4.2 Quality Control (QC):
Every single ID must pass a rigorous QC check before shipping.
  • Visual Inspection: For scratches, misalignment, color shifts.
  • Feel Test: Does it have the right weight and rigidity?
  • Bend Test: (For Teslin) Does it return to shape without creasing?
  • Blacklight Test: Is the UV pattern correct and bright?
  • Loupe Check: Is the microprint sharp?
  • Hologram Tilt: Does the DOVID animate correctly?
  • Barcode Scan: Does the scanned data match the face?

4.3 Operational Security (OpSec):
The highest-quality ID is useless if the maker or customer is caught.

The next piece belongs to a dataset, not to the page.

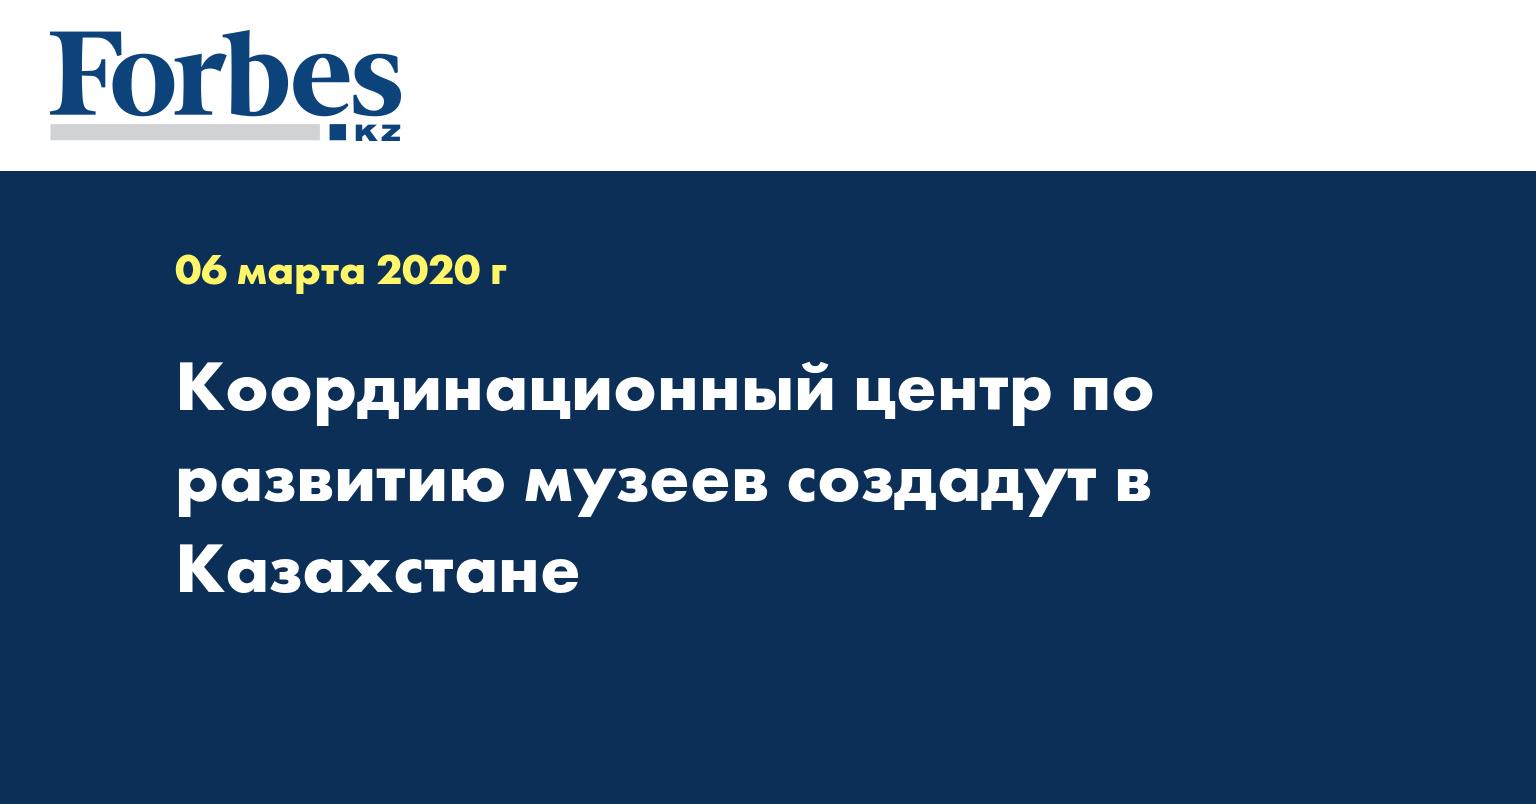 Координационный центр по развитию музеев создадут в Казахстане

This involves encrypted communication (PGP, Signal), cryptocurrency transactions (Monero preferred for privacy), and sophisticated stealth shipping methods to bypass customs.

Conclusion: The Sobering Reality​

After this detailed breakdown, the answer to "how to make a great fake ID" should be clear:
You don't.

The endeavor is a paradox. The resources, capital, and expertise required to authentically replicate a modern government ID are so vast that any entity possessing them would not be risking them on the black market for fake IDs. They would be a sovereign printing corporation or a highly sophisticated state-level intelligence agency.

What is sold as a "high-quality" fake, even from the most reputable vendors on the dark web, is a compromise. It replicates the most commonly checked features (visual likeness, basic hologram, scannable barcode) to a high standard, but it will inevitably lack the full suite of forensic-level security features. It is an excellent simulation, but it is not a duplicate.

The pursuit of a "perfect fake" is a rabbit hole that leads to industrial-grade printing facilities, material science labs, and covert intelligence operations—far beyond the reach of any individual or typical criminal organization. This information should serve not as a guide, but as a testament to the complexity of document security and a powerful deterrent against the attempt.